此時我正在想辦法確定他們在這一幢樓的第幾層,身後卻再現了一個人。

這人不是別人,正是剛剛開車矽飆走的虞水依。

她突然間出現拍了拍我肩膀問道:“怎麽?在這兒想幹壞事兒?”

嗬,獵寶門說別人想幹壞事兒?

獵寶門,顧名思義,就是尋獵寶物的一個門派,他們尋寶的手段層出不窮,所以幫派裏麵也存了許多世麵上見不到的奇珍異寶,像是修士的法絕世法器之類的。

但是,寶物當然是誰都想要的,一旦出世都會讓人趨之若鶩。

所以獵寶門收集寶物的時候出了名的不擇手段,也不知道她哪裏來的底氣在這兒跟我聊做壞事的事情。

“你來做什麽?”我真有點怕了這女人了。

虞水依看了看我,一臉心有不甘的樣子說道:“老爺子讓我來三顧茅廬。”

我看了看那同聳入雲的居民樓,忽然說:“幫我救一個人,救到了我就考慮考慮。”

“嗬,考慮?你當我是傻子?”她一臉不屑的說。

哎,不上鉤怎麽辦?

“不過我可以幫你。”虞水依恢複了她高冷的樣子。

“沒有條件的?”我覺得奇怪了,不知道易老跟她說了什麽,讓她雖然這麽心不甘情不願的卻還要來跟我這兒。

“沒有條件,就是幫你。”她說得自己都不相信,我不由得笑了起來。

“笑什麽?你以為我想來幫你?不是我們老爺子要求的,我會來?!”

“看出來了,你對我不屑一顧,可是易老好像跟你有不同的看法。”我說完便帶著小不點往樓上去了。

若是靠小不點定位的話,我們必須一樓一樓的找,非常的消耗時間,還容易打草驚蛇。

我正猶豫不決,小不點忽然朝我麵前走過來,忽然跳到我肩上,然後對著我嚶了一聲,過一會兒又嚶了一聲。

“在地下室?!”我不知道為什麽,忽然福至心靈的知道了他的意思。

小不點忽然朝我點頭。

我嚇了一跳,為什麽我們能夠交流?他明明沒說人話,我也沒聽懂他說什麽,但我就是知道他說了什麽。

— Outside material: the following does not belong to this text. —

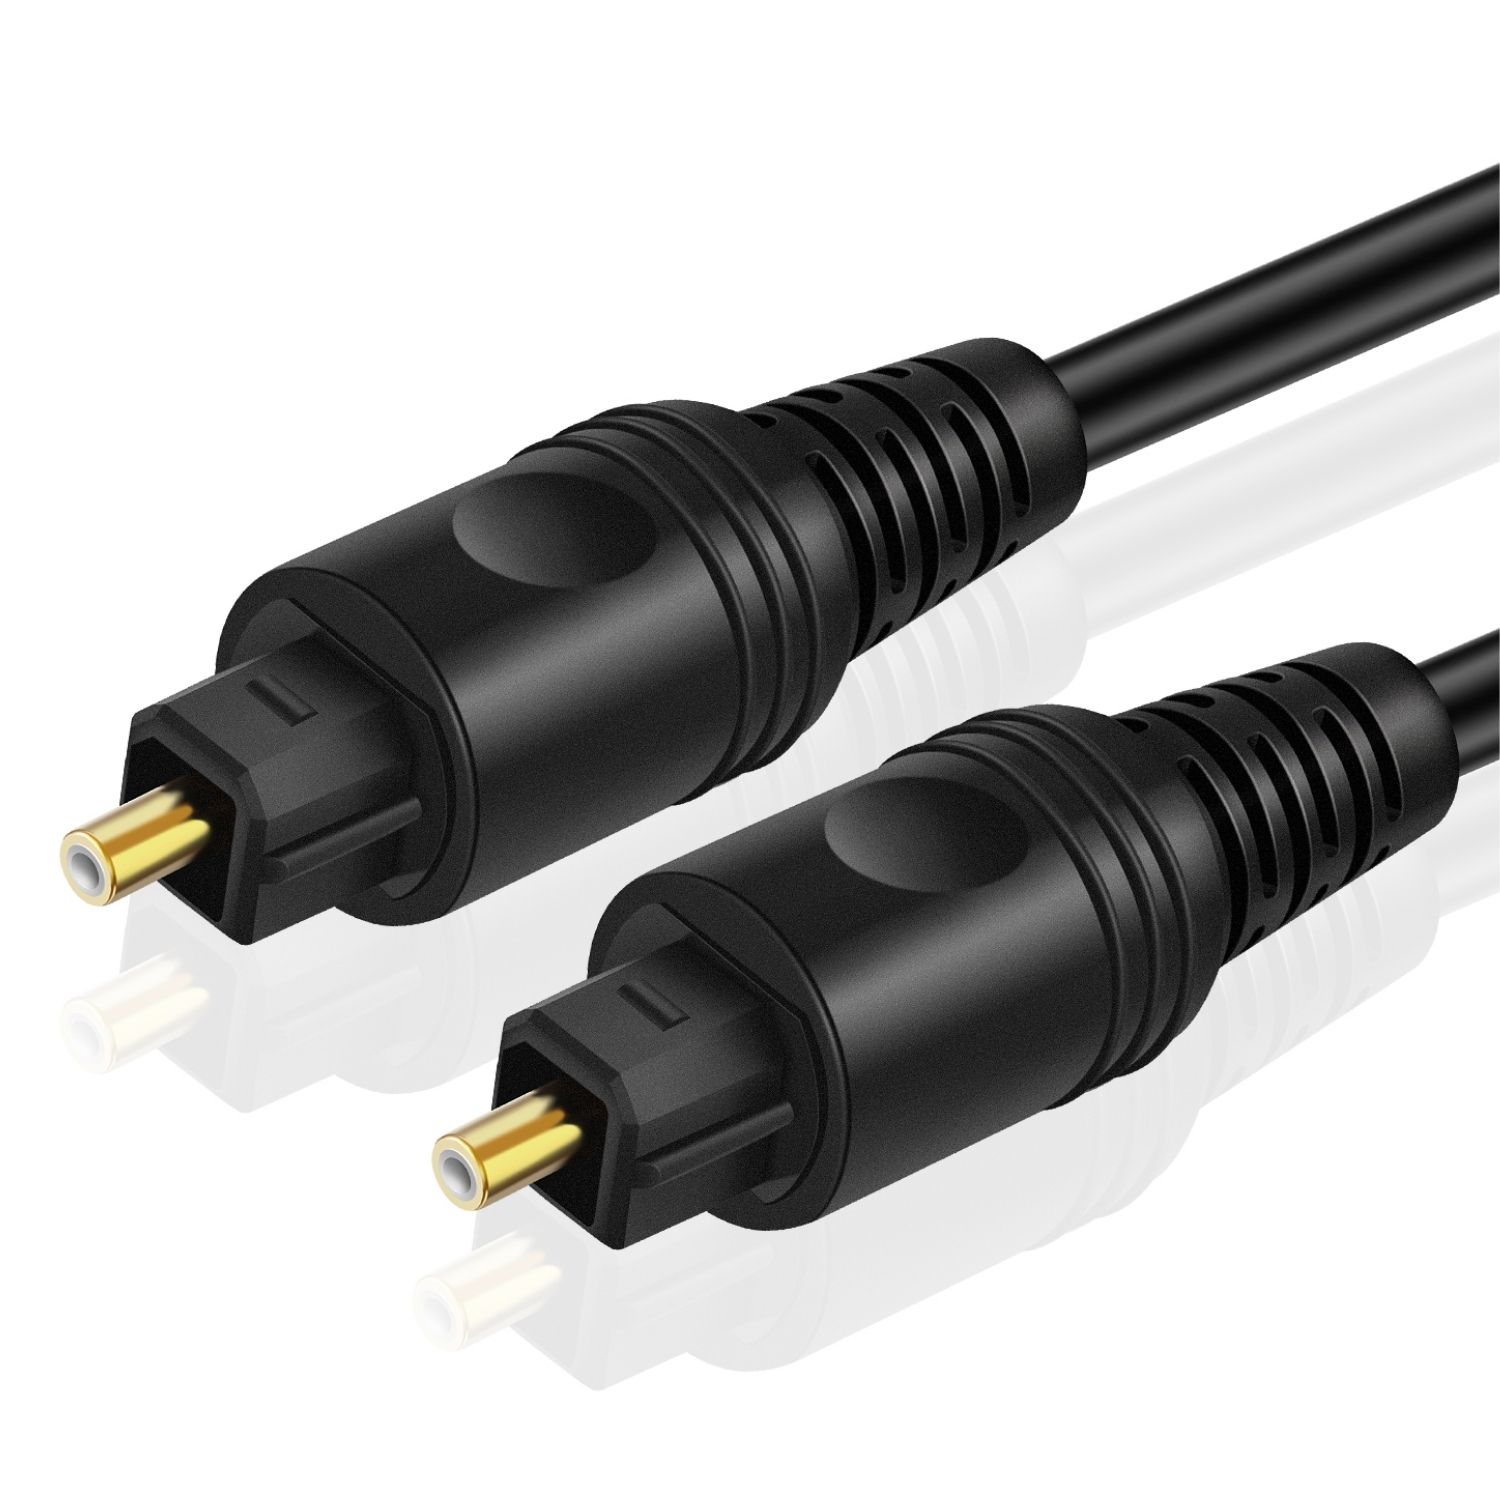 Digital Optical Audio Cable 35 Feet S/PDIF Fiber Optic Cable Toslink TV Optical Cable for Soundbar, Home Theater, Speaker Wire, TV, PS4, Xbox Male to Male Gold Connectors & Strain-Relief Cord

這樣說似乎有點暈,目前來說,就是我明白他發出來的聲音是什麽意思,但並不會在腦內轉換成人類語言。

我跟著小不點立刻朝地下負一樓奔去。

我並沒有招呼虞水依跟上,通過上次對尹玲瓏的教訓,我現在對任何陌生人都敬謝不敏。

“喂,你等等我。”她踩著恨天高跟在我後麵,發出哚哚的腳步聲。我恨不能一掌將她拍飛。

我都怕打草驚蛇,她卻像是恨不能向全世界宣布她來了。

“你能不能小點聲?!”我沒叫她來啊,純屬來搗蛋的。

她忽然也意思到了什麽似的,忽然脫下那雙鞋子,將那鞋底直接掰下來,鞋子忽然變成了平底鞋,而手裏的那一雙鞋跟,在按下一個按鈕之後,忽然變成了一對峨嵋刺。

這騷操作直接把我看愣了。

“放心,不會拖你後腿。”她說道。

我悄然摸進了地下停車場,小不點在前麵帶路,我跟著他小心翼翼的往裏潛入。

這時候就看到了,一間雜物房中微微亮著光。

這些人還真會躲,地下停車場的雜物房,幾乎是無人問津的地方。

裏麵蛛絲密布,像沒有人來過一樣,但若仔細看,會有偶爾的光亮起來。

我跟虞水依一直潛到門邊,以我超絕的聽力,裏麵的對話聽得一清二楚。

“這家夥的血又純了。”一個略沙啞的女性聲音說道。

“你什麽時候放了我們?”這是尹玲瓏的聲音。

她不是被救走的,是被捉到這裏來的?

“你老實一點,居然敢擅自解盅,你也不想想,你的子盅與母盅是相聯的,稍微有一點風吹草動你以為你逃得過掌門人的法眼?”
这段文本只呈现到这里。